Canty explains that when managers create MPAs using only input from fishermen, mangroves can end up as no-take zones. This means no fishing or collecting allowed, or reduced access to these areas.

“If you’re not talking to the women who collect in the mangroves, it can be easy to assume that the mangroves have no economic value and that by reducing access to the ecosystem, juvenile fish are protected,” said Canty. “But there are many adult shellfish in these areas that make up important fisheries.”

Two women in blue aprons cut fish in a stone house
Two women in Honduras fillet fish, preparing them for market. (Credit: Carolina from Dantillo, Atlántida, Honduras. Photo courtesy of Sara Bonilla Anariba.)

Another key role many women in Central America play involves cleaning and preparing the fish for commercial sale. The hands-on process of taking off scales and cleaning out guts gives women a closer insight into the fishes’ health. They can tell when fish eating habits change, or if the fish are changing in size.

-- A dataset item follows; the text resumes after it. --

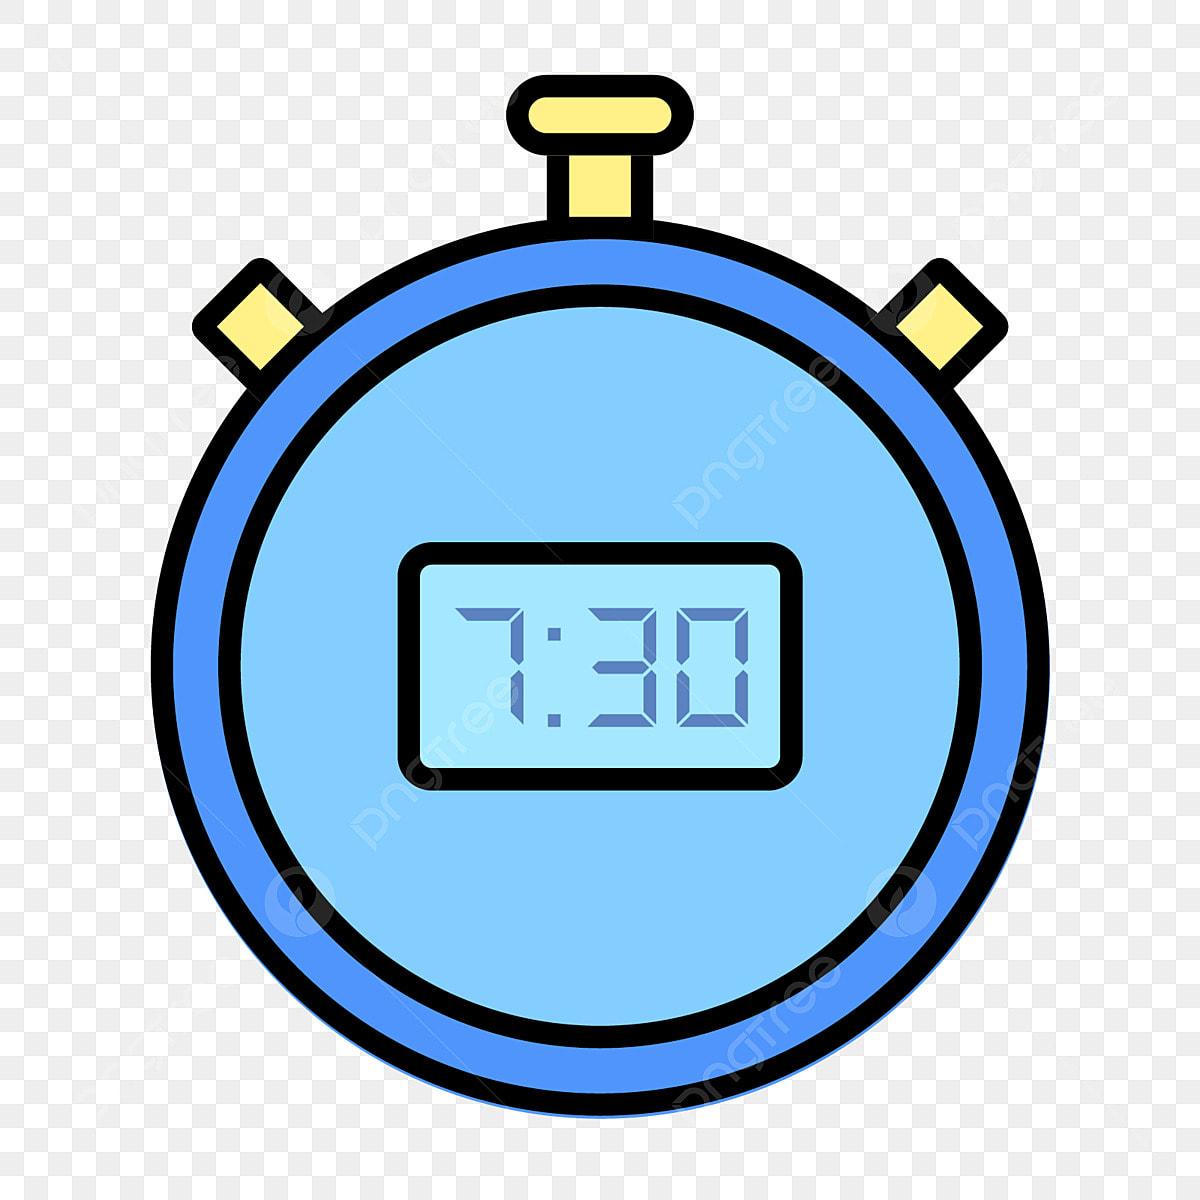 un chronom u00e8tre de vecteur graphique vectoriel logo logo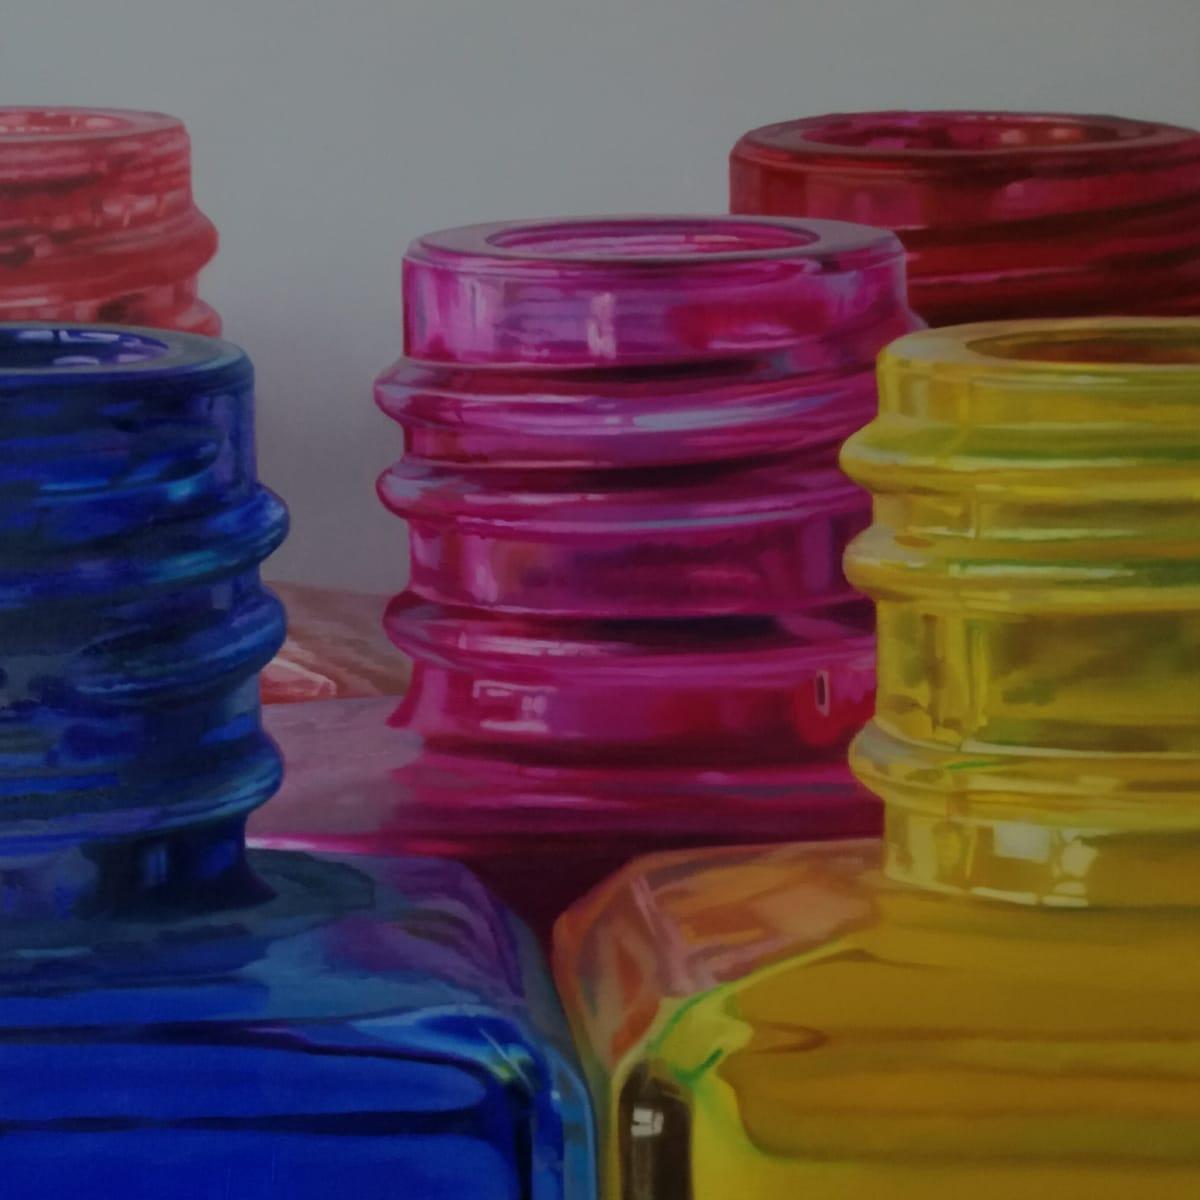 Javier Banegas Colour Fragment Oil on canvas 50 x 50 cm

“They often notice things about the fish that nobody else does,” said Canty. “Having that information allows you to get a better picture of the health of the fishery and the success of the conservation efforts. It’s a huge amount of data that goes missing when we only focus on the men who are involved in the active process of catching the fish.”

Community Collaboration

To help MPA managers ensure they include women’s perspectives, Bonilla Anariba created a self-assessment tool as part of the paper. She designed it to help managers reflect on women’s level of involvement in marine protection plans. It includes questions like whether the plan includes different uses of marine resources, whether both women and men participated in the plan’s design, and if the MPA planning team took actions to ensure equal participation and roles in decision making.

“I’ve had a few organizations reach out expressing interest in using this, so the next step will be seeing how it works in practice,” said Bonilla Anariba.

Arie Sanders, who coauthored the paper with Bonilla Anariba and Canty, has spent years doing trainings for MPA management organizations, teaching them how to engage local communities in monitoring protected areas.

“If the data collected isn’t gender-sensitive,” said Sanders, “it becomes difficult for MPA managers to make informed decisions that don’t exclude more vulnerable groups, such as women.”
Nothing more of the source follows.